Records provided »

· · · · ·

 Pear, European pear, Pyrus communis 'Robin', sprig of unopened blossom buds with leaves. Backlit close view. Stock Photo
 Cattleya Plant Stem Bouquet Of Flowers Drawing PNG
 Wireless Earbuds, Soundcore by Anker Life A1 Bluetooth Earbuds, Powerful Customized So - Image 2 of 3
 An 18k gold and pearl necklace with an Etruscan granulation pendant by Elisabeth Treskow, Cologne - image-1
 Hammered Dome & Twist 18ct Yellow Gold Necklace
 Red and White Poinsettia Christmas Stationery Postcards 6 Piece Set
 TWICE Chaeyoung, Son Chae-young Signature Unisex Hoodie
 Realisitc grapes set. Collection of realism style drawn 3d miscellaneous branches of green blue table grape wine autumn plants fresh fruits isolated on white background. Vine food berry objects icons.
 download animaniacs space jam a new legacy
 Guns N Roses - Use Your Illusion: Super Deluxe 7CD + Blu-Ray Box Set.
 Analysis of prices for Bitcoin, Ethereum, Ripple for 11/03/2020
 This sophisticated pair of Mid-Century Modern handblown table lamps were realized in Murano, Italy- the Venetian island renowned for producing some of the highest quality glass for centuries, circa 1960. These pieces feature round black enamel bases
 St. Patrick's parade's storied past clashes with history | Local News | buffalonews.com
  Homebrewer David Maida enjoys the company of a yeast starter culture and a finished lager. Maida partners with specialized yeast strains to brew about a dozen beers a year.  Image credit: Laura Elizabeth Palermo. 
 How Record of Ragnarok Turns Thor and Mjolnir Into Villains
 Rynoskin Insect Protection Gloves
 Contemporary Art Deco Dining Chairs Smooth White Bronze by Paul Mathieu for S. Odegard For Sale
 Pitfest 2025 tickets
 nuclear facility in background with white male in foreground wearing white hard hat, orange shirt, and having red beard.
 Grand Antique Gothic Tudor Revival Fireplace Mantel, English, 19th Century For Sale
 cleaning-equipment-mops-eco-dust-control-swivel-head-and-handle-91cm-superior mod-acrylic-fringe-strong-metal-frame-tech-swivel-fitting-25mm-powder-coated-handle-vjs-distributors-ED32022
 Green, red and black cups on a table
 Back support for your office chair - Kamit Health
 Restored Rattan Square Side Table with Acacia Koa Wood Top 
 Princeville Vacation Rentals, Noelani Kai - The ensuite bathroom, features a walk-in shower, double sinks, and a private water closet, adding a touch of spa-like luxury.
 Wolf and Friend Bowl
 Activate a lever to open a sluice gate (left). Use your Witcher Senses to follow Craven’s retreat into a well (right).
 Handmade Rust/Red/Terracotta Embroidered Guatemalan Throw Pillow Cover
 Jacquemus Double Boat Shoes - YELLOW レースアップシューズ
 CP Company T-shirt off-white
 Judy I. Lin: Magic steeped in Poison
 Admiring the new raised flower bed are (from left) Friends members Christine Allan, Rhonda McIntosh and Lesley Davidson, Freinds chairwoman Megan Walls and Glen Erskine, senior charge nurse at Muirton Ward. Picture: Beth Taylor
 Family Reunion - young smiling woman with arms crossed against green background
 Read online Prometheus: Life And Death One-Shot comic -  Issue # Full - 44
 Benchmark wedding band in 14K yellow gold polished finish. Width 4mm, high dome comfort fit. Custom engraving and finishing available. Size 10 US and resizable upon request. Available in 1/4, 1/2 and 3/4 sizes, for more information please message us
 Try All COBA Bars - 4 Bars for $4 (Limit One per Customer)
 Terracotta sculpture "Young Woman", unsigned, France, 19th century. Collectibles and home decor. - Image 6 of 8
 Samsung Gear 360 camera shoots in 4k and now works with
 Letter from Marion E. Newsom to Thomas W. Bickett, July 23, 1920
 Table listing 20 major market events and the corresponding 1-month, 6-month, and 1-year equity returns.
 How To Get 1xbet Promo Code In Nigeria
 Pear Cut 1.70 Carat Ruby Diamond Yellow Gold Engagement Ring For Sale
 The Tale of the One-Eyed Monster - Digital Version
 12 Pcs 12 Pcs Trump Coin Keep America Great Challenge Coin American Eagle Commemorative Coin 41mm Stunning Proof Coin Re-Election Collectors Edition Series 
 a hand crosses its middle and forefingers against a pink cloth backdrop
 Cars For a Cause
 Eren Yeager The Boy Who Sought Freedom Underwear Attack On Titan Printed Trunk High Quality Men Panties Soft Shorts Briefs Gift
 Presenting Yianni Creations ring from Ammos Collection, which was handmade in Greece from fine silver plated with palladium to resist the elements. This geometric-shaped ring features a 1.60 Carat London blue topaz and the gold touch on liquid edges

· · · · ·

Find "shirt" in the data above. Report each line where it appears.

 nuclear facility in background with white male in foreground wearing white hard hat, orange shirt, and having red beard.
 CP Company T-shirt off-white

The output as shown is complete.